LF last year focused on three key priority areas:
1. Improving security and the OSS ecosystem;
2. Closing talent shortages through improved training and educational initiatives; and
3. Imparting the value of openness and the importance of the community.
Report Repudiates Remediation
Mend’s research, sampling 1,000 North American companies, found that only 13% of vulnerabilities seen were remediated, compared with 40% remediated by those using modern application security best practices.
Open-source code is in 70% to 90% of applications today. The report noted that more companies find themselves vulnerable to attacks as threat actors take advantage of the remediation gap.
Malicious package attacks are also on the rise, according to the Mend report. Data from the company’s security products shows a steady quarterly increase jumping 79% from Q2 to Q3 last year. More packages today contain telemetry, which enables data collection, and some are now built into a supply chain, such as when valid content has a dependency containing malicious code.

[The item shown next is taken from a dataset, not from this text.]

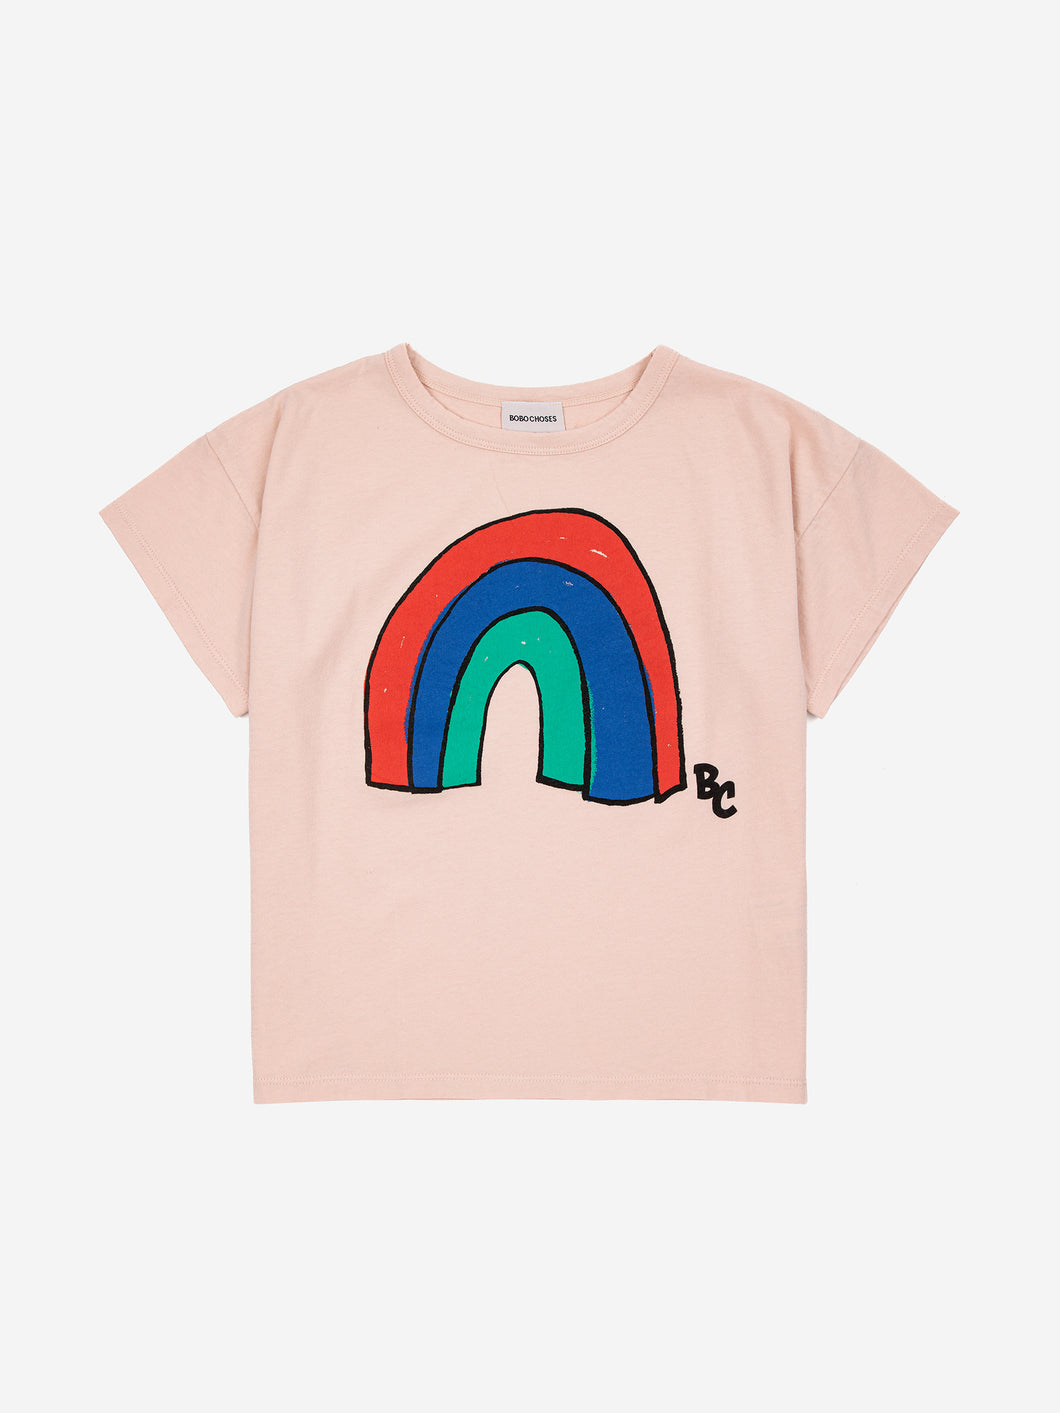 Bobo Choses / KID / T-Shirt / Rainbow

“As security debt continues to rise, it is crucial to find a way to prioritize the vulnerabilities that pose the highest risk to avoid falling victim to an attack,” said Jeffrey Martin, vice president of product management at Mend.

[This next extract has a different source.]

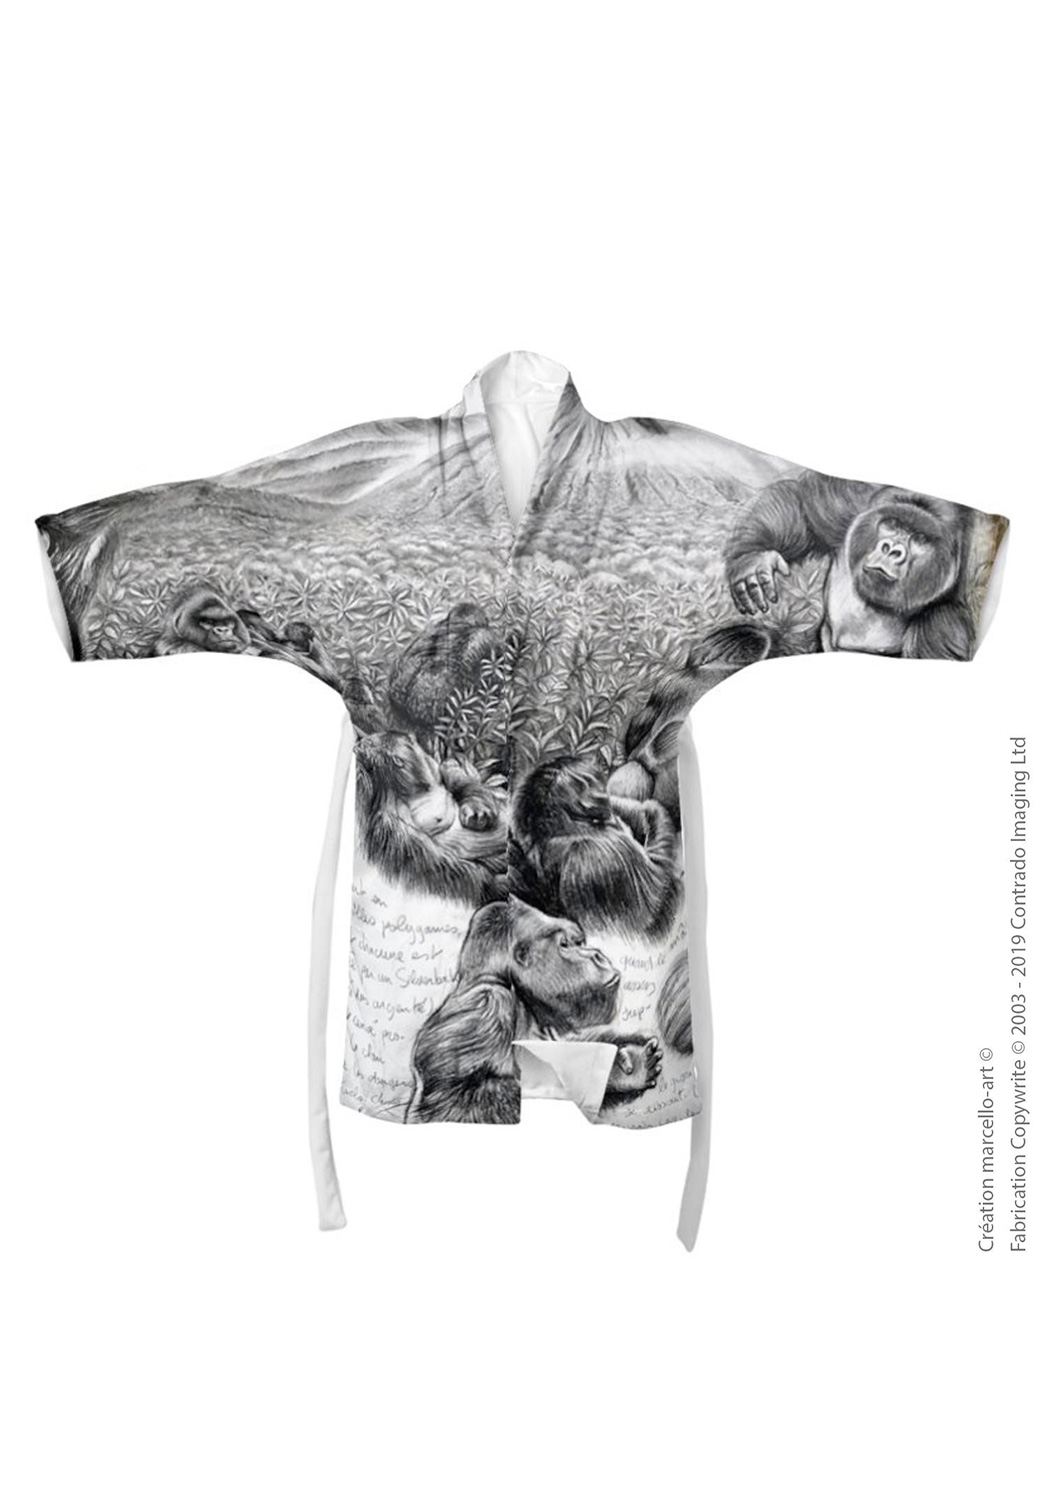 Marcello-art: Kimono Kimono 301 Virunga gorilla

He added that remediation tools to assess and prioritize the vulnerabilities that can most heavily impact systems are an important element in managing security debt.
“Organizations should not just pay attention to severity details, though. To ensure effective prioritization and remediation, they need to also look at the exploitation context of flaws on their own and in conjunction with others.”
Seemingly Unwinnable Challenge
The bottom line is that teams are overwhelmed with too many vulnerabilities classified as critical. Teams lack a way to prioritize them correctly, offered Mark Lambert, vice president of products at security provider firm ArmorCode.
Organizations should address this issue by understanding the context of the vulnerability and prioritizing appropriately, he offered. For instance, is the vulnerability associated with an internet-facing or business-critical application?
Other factors that increase or decrease the priority for remediating include if it is a known exploit for the CVE documented in the CISA KEV catalog or is the subject of active hacker chatter around a vulnerability or trending status on social media.
“Threat actors are highly automated, being able to run thousands of scenarios against a target in just a few minutes. The risk is that a truly critical vulnerability slips through the cracks and gets exploited by an organized and efficient threat actor,” Lambert told LinuxInsider.
Slow Reaction Impacts Cybersecurity Success
Open source vulnerabilities take teams time to resolve for a few reasons, added Travis Smith, vice president for the threat research unit at Qualys. The dwell time is between when organizations can patch and when a vulnerability is weaponized.
“During this window, threat actors can take advantage of these vulnerabilities. Those vulnerabilities exposed to the internet directly are most at risk, but so are others which are often taken advantage of for phishing,” Smith told LinuxInsider.
Often, no path to automated remediation exists. This is a critical driver in bringing down the mean time to remediation and patch rate for vulnerabilities.
These types of vulnerabilities are often embedded within other software programs. Smith explained that these are more complex to discover than other vulnerabilities in programs like Windows or Chrome.
Two steps address this issue, Smith offered. One, know where vulnerabilities are in your organization with a vulnerability product. Two, have effective communication between the vulnerability team and operations team to ensure patches can be rolled out in a timely manner, especially for those vulnerabilities which introduce the most risk to an organization.